Farm probes unit 'not out of control', says top official
Published 19/06/2015 | 02:30
The Department of Agriculture has denied operating an "out of control" special investigations unit (SIU) following claims by farmers of victimisation and illegal practices.
The unit has been roundly criticised by the Irish Farmers Association for the manner in which it investigated a number of cases.
Costs of €154,000 were awarded against the state in six cases taken following SIU investigations between 2006 and 2014, the Dáil's spending watchdog has heard.
However, the department's secretary general, Aidan O'Driscoll, told the Public Accounts Committee (PAC) he did not accept allegations that the unit was "out of control" and "answerable to nobody".
He said: "There is no unit in the Department of Agriculture and the Marine that is out of control."
Mr O'Driscoll was responding to claims made by seven farmers, who briefed TDs on their experiences of being investigated by the SIU in a private meeting of the committee last month.
A report, detailing the allegations made by the farmers, was provided to the department by the committee.
It included claims that a farmer was ordered to kill his own pigs using a lump hammer.
There were also allegations that SIU officials were "heavy handed" when investigating whether farmers were in breach of regulations.
PAC member Mary Lou McDonald said this included complaints that officials were "obnoxious" towards a pregnant woman, could be "very aggressive", and ill treated animals during testing.
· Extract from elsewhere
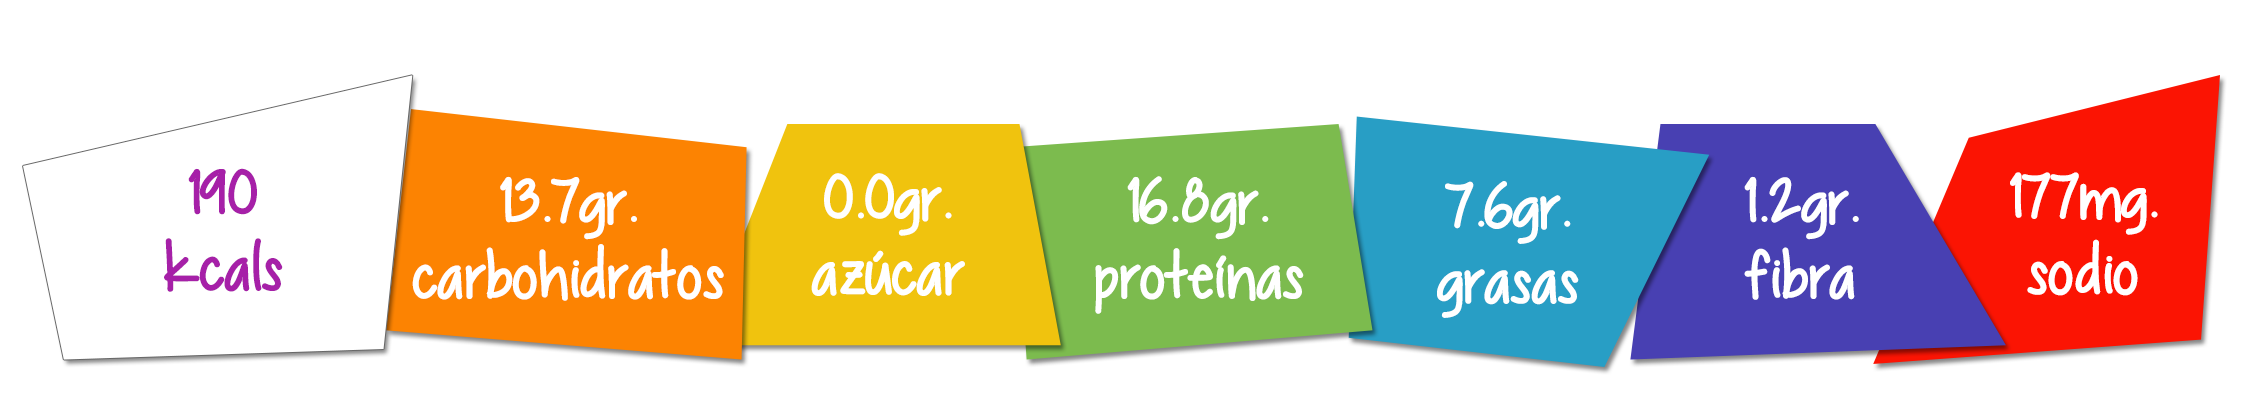 tabla_nutricional_salpicon

She said there were complaints that when investigators entered a premises they could be "dramatic, forceful [and] obnoxious".
However, Mr O'Driscoll disputed the accuracy of the allegations made by the farmers.
"Unfortunately a great deal of the information provided to the committee at that meeting was untrue," said Mr O'Driscoll.
He said "some scandalous stuff" had been alleged about SIU investigators and that a number of the claims related to criminal offences. Mr O'Driscoll queried if these concerns had been raised with the gardaí.
He said he was aware of only one instance where gardaí were contacted, but those concerns "were dismissed".
He flatly denied the lump hammer allegation, saying a department official had actually intervened to stop a farmer from slaughtering pigs with the hammer after their disposal had been ordered.
Mr O'Driscoll said he could not possibly say that the SIU had never made a mistake.
But he pointed out that 90pc of prosecutions based on its investigations had been successful. A new investigations division, incorporating the SIU, was announced last September.